Rattled is put together with nothing less than the magnificent engineering of an entertainment by Carl Hiaasen. The story sails along far too briskly to creak, relayed by a team of interesting if not always savory folks. At the heart of the enterprise is a housing development that upsets the ecology and exposes residents to grievous bodily harm - in this case, from crotalus horridus, the timber rattlesnake. Compounding the exurban absurdity is the social absurdity of conferring "endangered" status upon a deadly reptile with few friends in creation. If Ms Galant doesn't tell us anything new about environmentalists or builders, natives or arrivistes, that's because these are destinies that actual people inhabit more or less well. Agnes Sebastian, for example, is not first and foremost a naturalist, even though she runs the local nature center and prefers the company of dumb beasts to that of human beings. She is a smart widow who, while not particularly organized, knows her way around the Internet. She emerges from the pages of Rattled as a real woman, at least as well realized as the characters in Alison Lurie's Truth and Consequences. Agnes, first and foremost, is Agnes; not a thumbnail, but someone you get to know over time.

In my case, to be sure, that wasn't much time. I swallowed the book more or less whole. It's a delight to read, studded with barely perceptible barbs such as the following crack, made about Heather: "All she asked was a fair advantage." Skim the book and you'll miss jewels like that. Ms Galant knows how to set up more extended fun as well.

The office of Pine Hills Elementary was like Hong Kong at lunch hour. Phones rang, children waited for mothers to bring forgotten sandwiches, teachers lined up to use the photocopier, secretaries put mailo in slots, deliverymen arrived with packages, sick kids waited for the nurse. But when Connor Peters walked in, a hush descended. The two secretaries exchanged glances. Mothers bringing in book reports or coming to pick up children with earaches stopped in their tracks. The silence was finally broken when a little girl with skinned knees pointed a pudgy index finger and said loudly to her mother, "That's the one!"

"Ssshh," her mother said.

The little girl meant, that's the one who runs around after girls on the playground and hugs them, who looks up their dresses when they go on the swings, who barges in front of people in the cafeteria line.
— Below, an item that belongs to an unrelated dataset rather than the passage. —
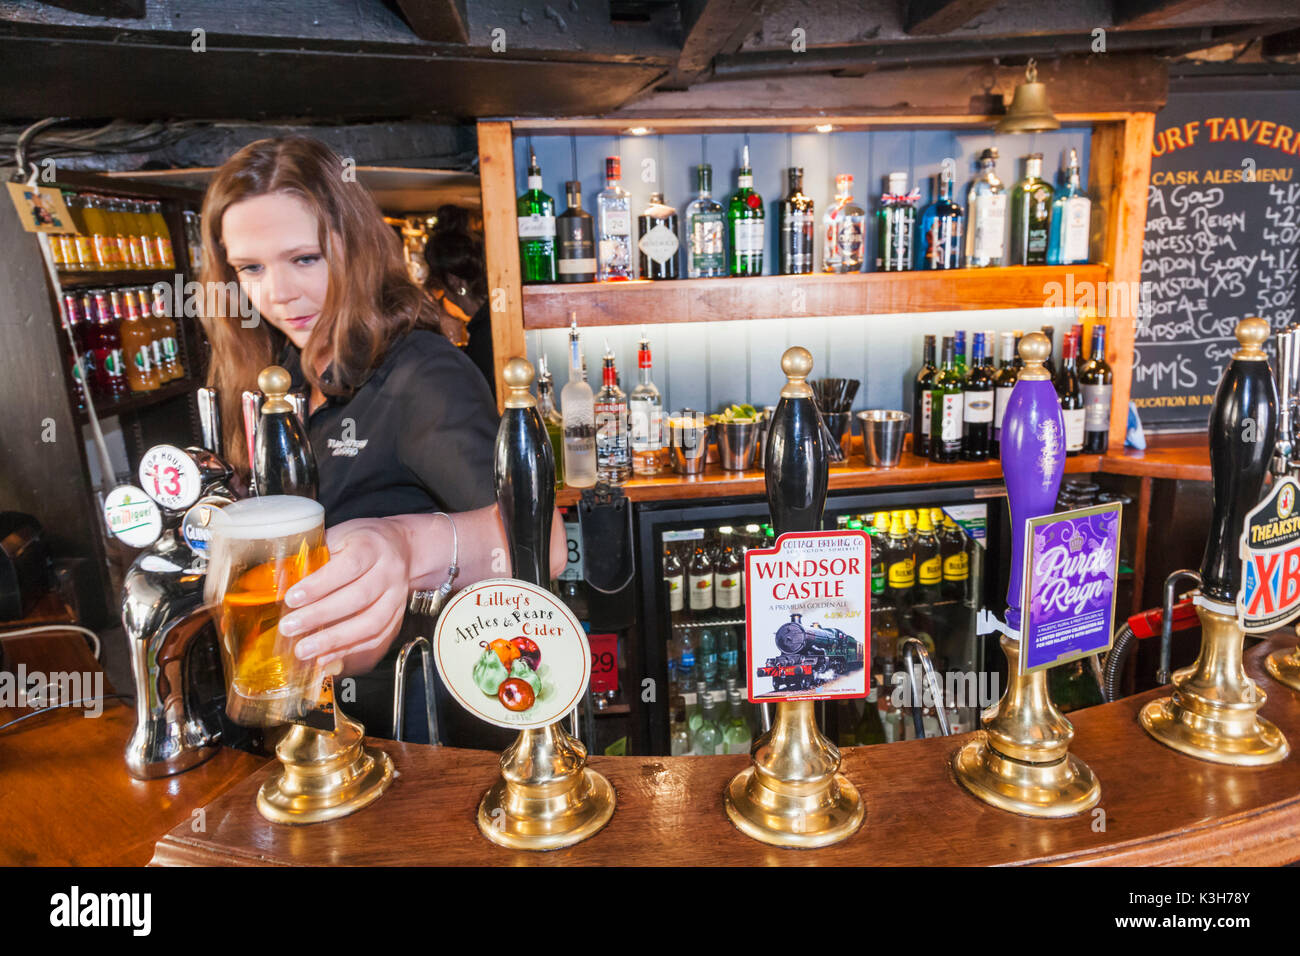 England, Oxfordshire, Oxford, Turf Tavern Pub, Bar Scene - Stock Image

But the mothers and the secretaries recognized something different. Word had spread fast through the halls of Pine Hills Elementary, and by now everybody knew. This was the boy whose mother had been led away from Back-to-School Night in handcuffs.

So permit me to thank Ms Galant for taking the trouble to post a comment to my review of the Review. I enjoyed her witty and polished book, and I look forward to her next adventure.